● **INPUT DATA**:
* * * * *
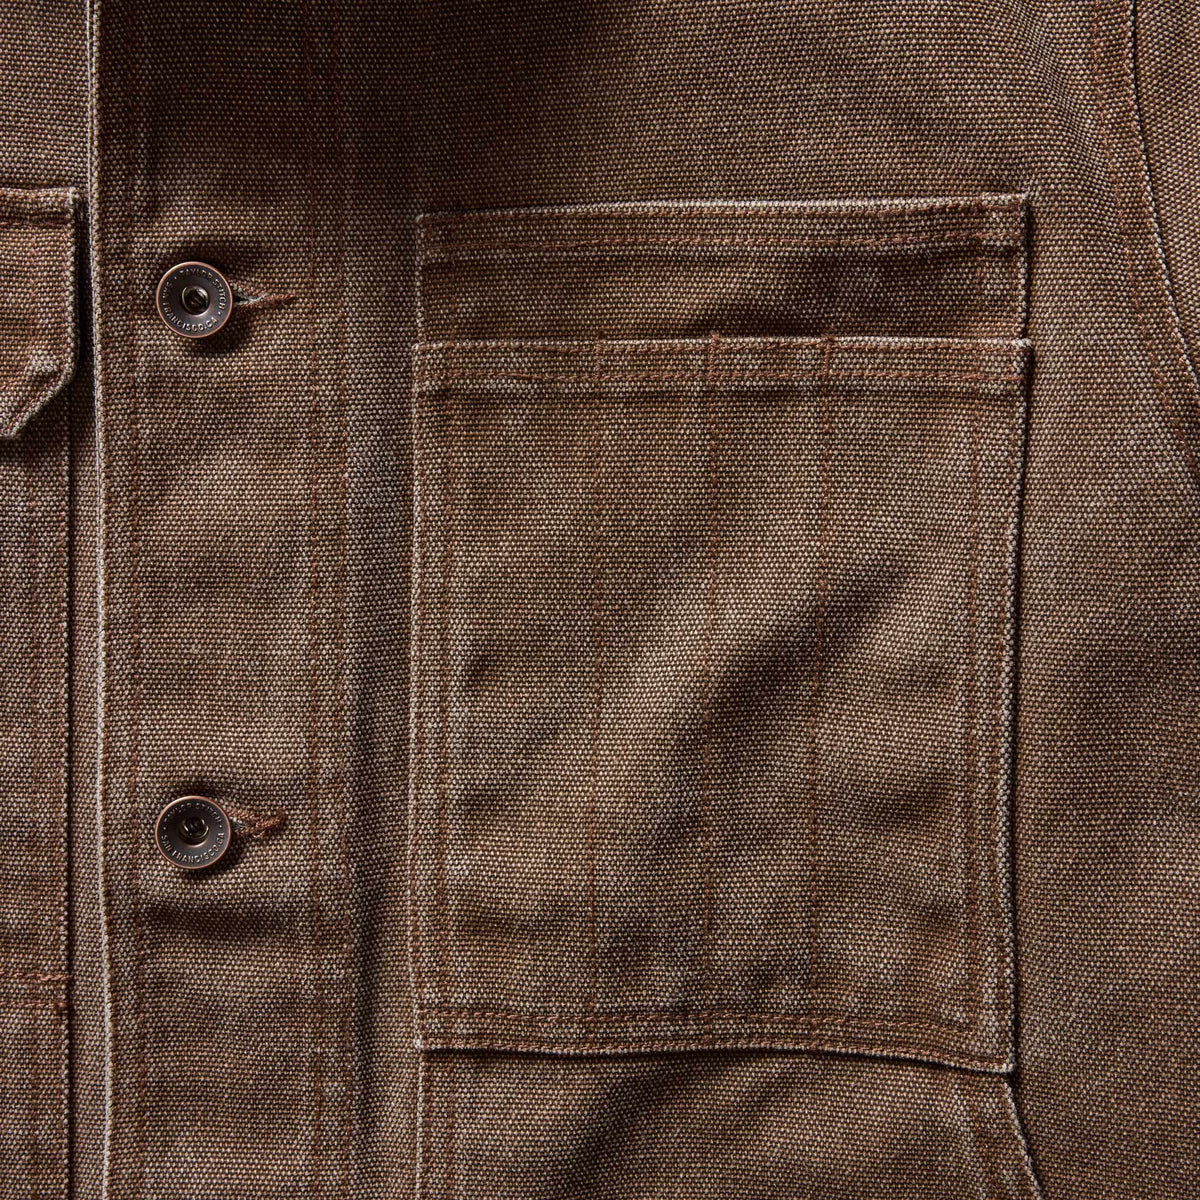 The Longshore Jacket in Aged Penny Chipped Canvas
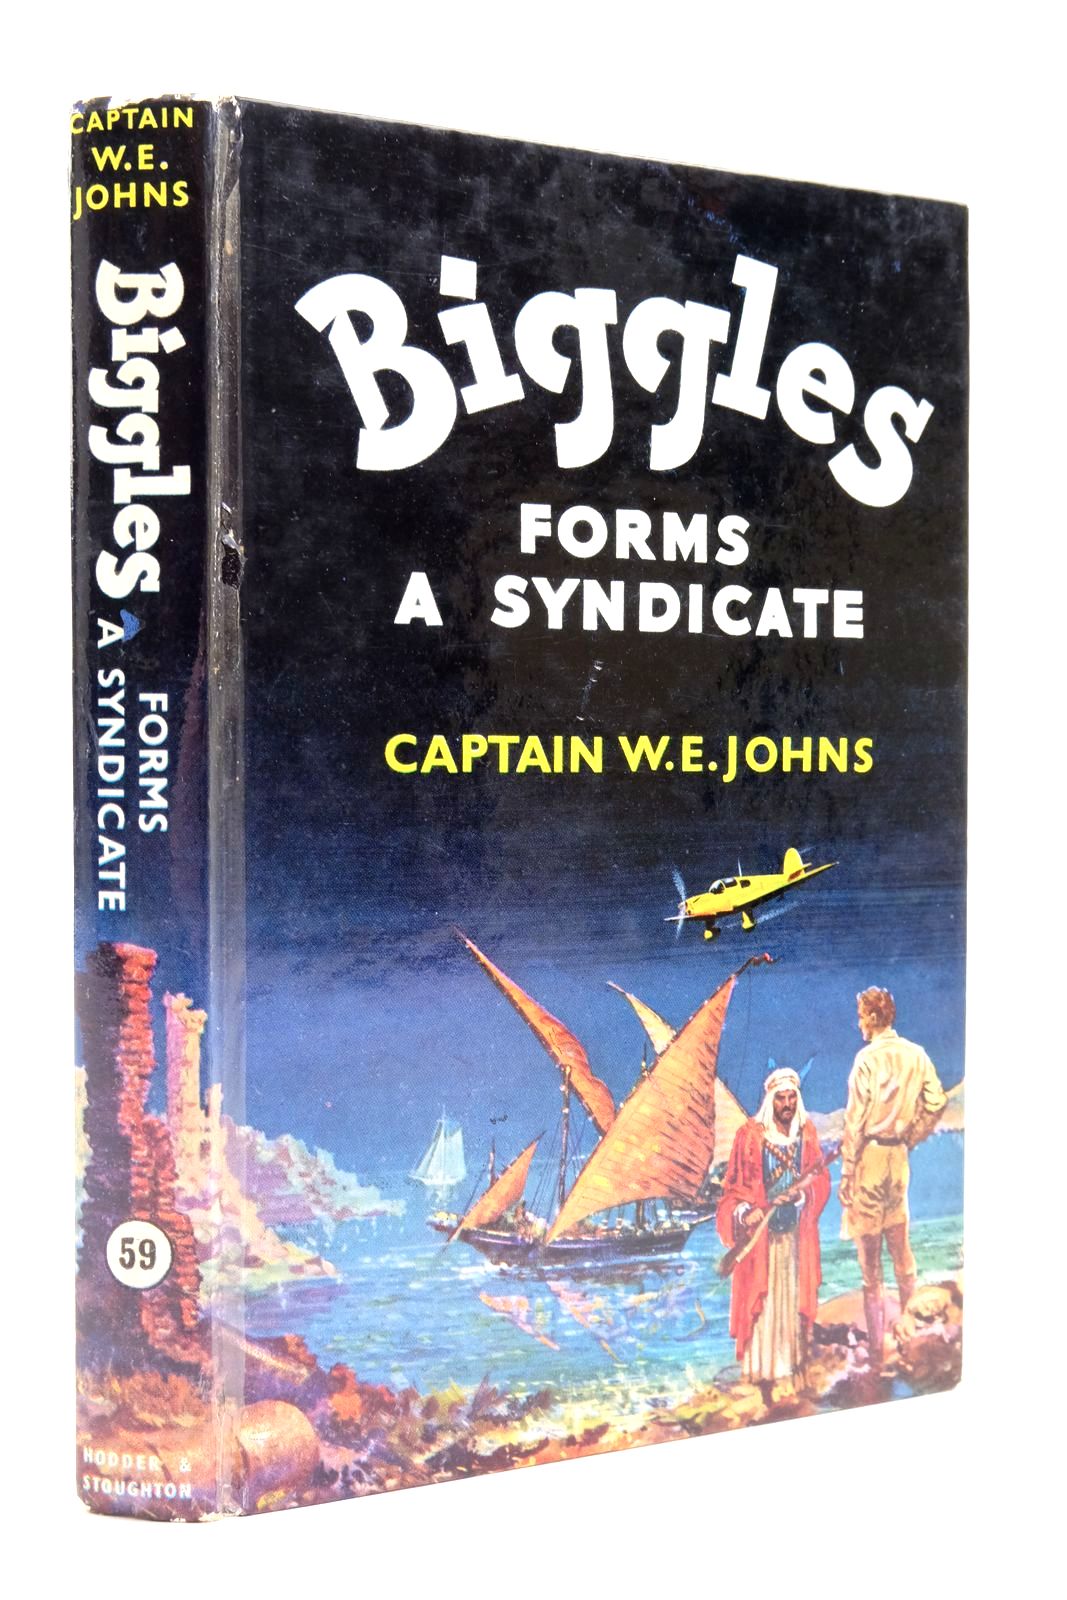 Photo of BIGGLES FORMS A SYNDICATE written by Johns, W.E. illustrated by Stead,  published by Hodder &amp; Stoughton (STOCK CODE: 2138783)  for sale by Stella & Rose's Books
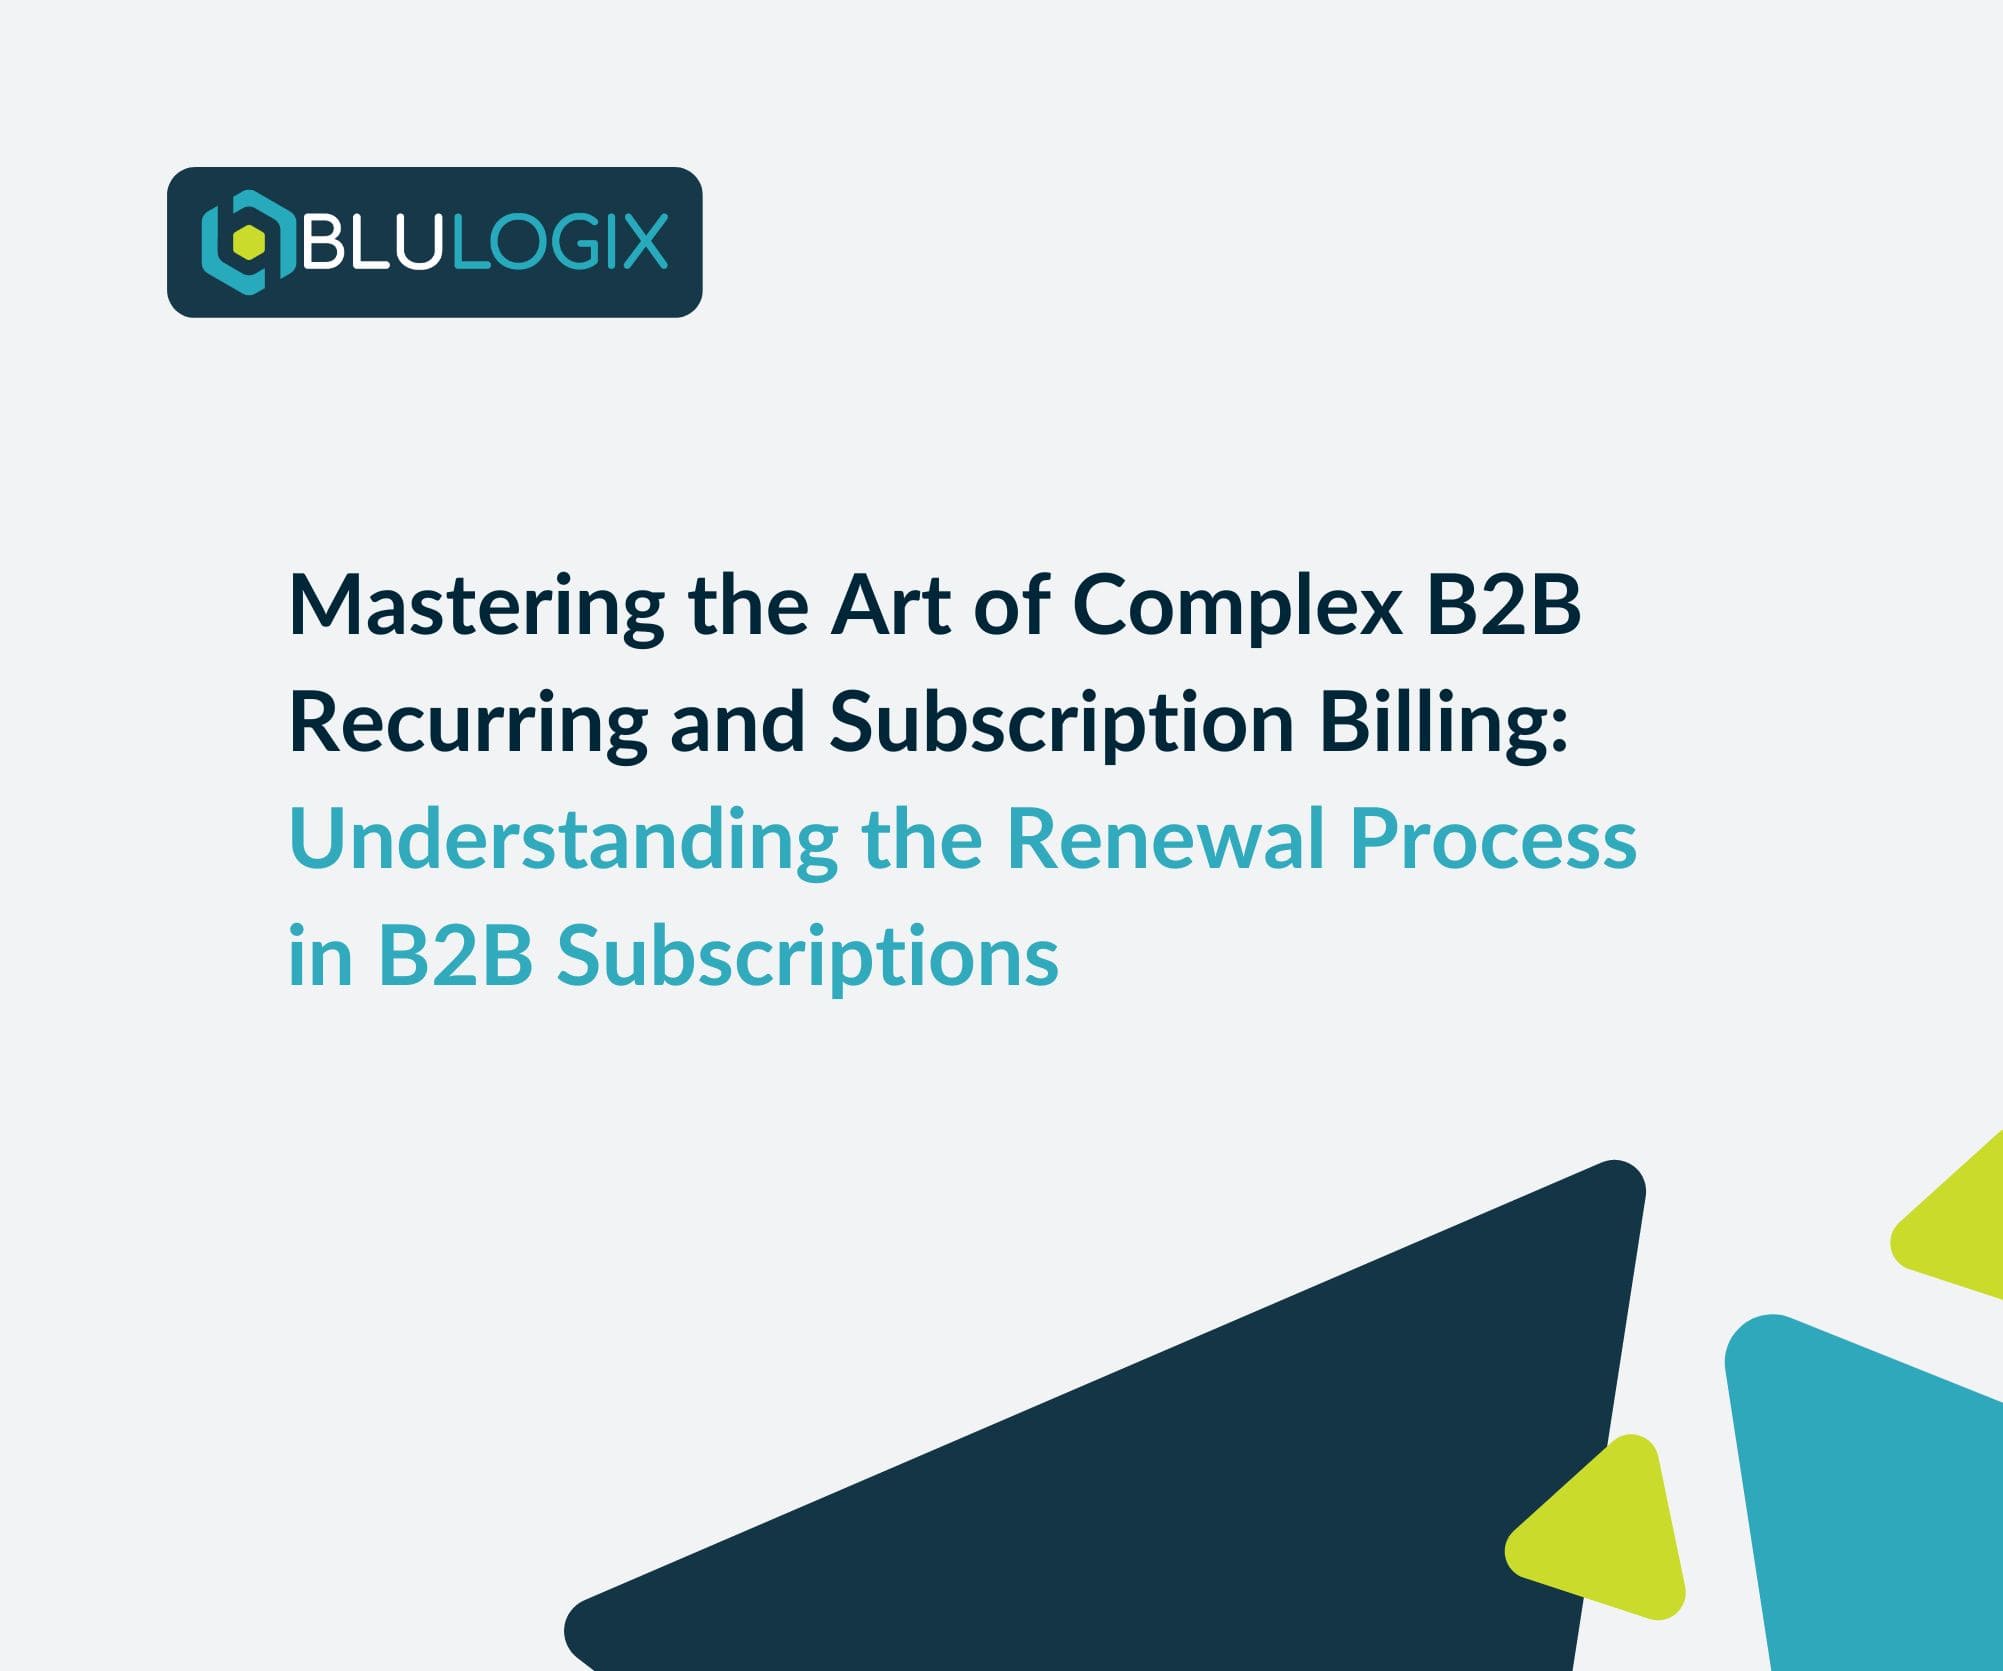 Understanding the Renewal Process in B2B Subscriptions
* * * * *
● **PROBLEM REQUIREMENTS**: Write the material above out again exactly. Omit every image.

● **TASK ANSWER**:
 The Longshore Jacket in Aged Penny Chipped Canvas
 Photo of BIGGLES FORMS A SYNDICATE written by Johns, W.E. illustrated by Stead,  published by Hodder &amp; Stoughton (STOCK CODE: 2138783)  for sale by Stella & Rose's Books
 Understanding the Renewal Process in B2B Subscriptions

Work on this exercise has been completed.